Let me provide an example: Star Trek: The Next Generation. A popular pairing among TNG shippers is Picard/Crusher. (This was no doubt helped along by the second episode having Crusher coming on to the captain.) In how many episodes do we get any indication that Picard might have feelings for Beverly, or vice-versa? About six or seven out of 178 episodes. We have the "Not now, Doctor," scene in 'The Naked Now', a couple of takes on, "Jean-Luc, I have to tell you something,", that dance in 'Allegiance', the sharing of thoughts in 'Attached', the evidence of their marriage in 'All Good Things...' and maybe a couple of significant looks in other episodes.

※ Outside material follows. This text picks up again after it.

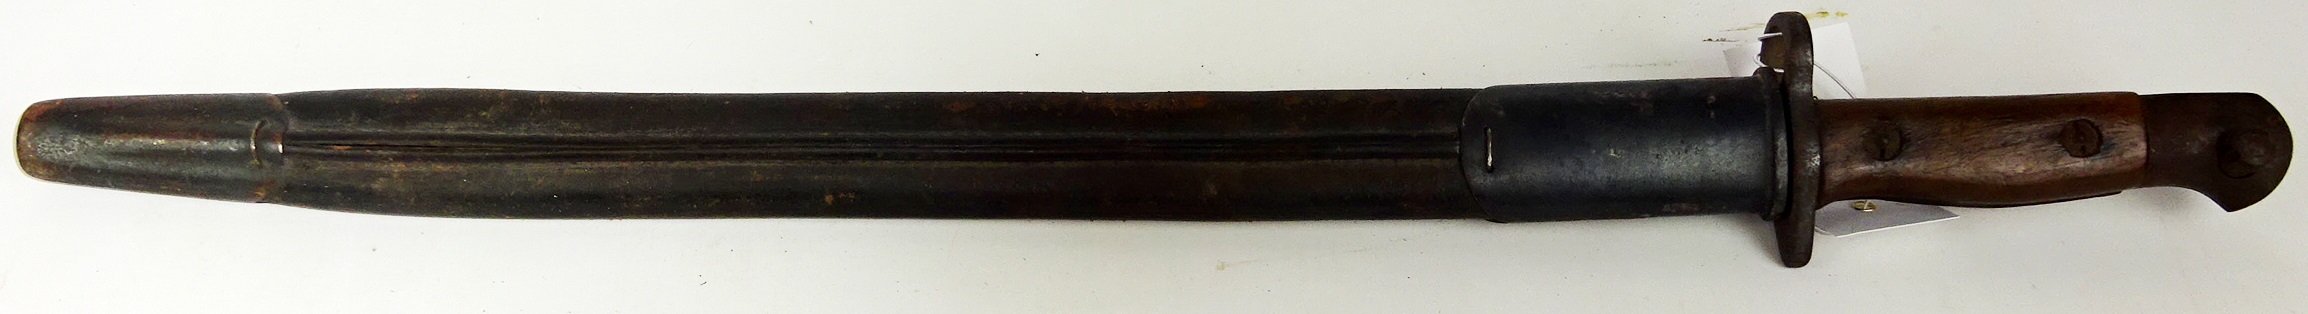 British Lee Metford Bayonet, two piece wood grips and steel mounts, stamped 11 16 6 KRL? 4689, - Image 2 of 2

But my point is: in less than five percent of the episodes is anything done with the Picard/Crusher, er, "romance". So the shippers spend over 90% of the time being pissed off at TPTB or the characters. Picard cannot romance anybody else. Vash is universally hated (I also hate her, so I can understand this. Why Picard would want to associate with a criminal is beyond me, but I digress); Nella Daron is also despised; in fact, any woman Picard takes a second look at is a target for hatred and vitriolic comments. Shippers see these instances as Picard being "unfaithful" to Beverly. Um, unfaithful? They aren't married. They aren't engaged. They don't even date. But somehow if either of them dares to look at someone else, they are betraying the other! Does this not strike you as just slightly... loopy?
So why is it less nerve-wracking to be a slash fan? Well, for one thing, we don't live in the hope that TPTB will ever do something with our pairing of choice. We don't see the subtext in the same way that shippers do. Shippers take subtext and expect or even demand that TPTB turn it into text. It doesn't matter how many times Janeway says that she won't have a relationship with a member of her crew, the shippers still point out every instance of supposed "J/C moments" and demand that TPTB give them satisfaction. Slash fans don't do this. For one thing, if we did, we'd be ignored, and for another, we don't like to point out these slashy moments to TPTB for fear they might cut down on them. We just sit behind the scenes thinking up slashy fanfic ideas, using the show as a jumping-off point.
We know that TPTB will never make the slashy subtext into text. So we don't sit waiting in vain for, say, Chakotay and Paris to get together on-screen and live happily ever after. We don't accuse Paris of betraying Chakotay by getting together with B'Elanna. We don't accuse Chakotay of misusing poor, abused Tom's feelings by mooning over Janeway. That would be silly. Instead we take whatever "C/P moments" we can find and use them as a framework for good fan fiction. We don't harp on them to each other and ask why TPTB are so dense, and why don't they notice that Chakotay and Tom are meant for each other? Slash is in the eye of the beholder. It always has been, and barring some miracle in the way TPTB see sexuality, it probably always will be. But shipping has the advantage of having the possibility of being seen on screen. Slashing does not. And frankly, that doesn't bother me. I would rather just read fanfic and look at certain scenes in whichever TV show through "slash-coloured glasses" than sit for six or seven years railing against the stubborn and unfeeling Powers That Be who are refusing to let my favourite heterosexual pairing be together.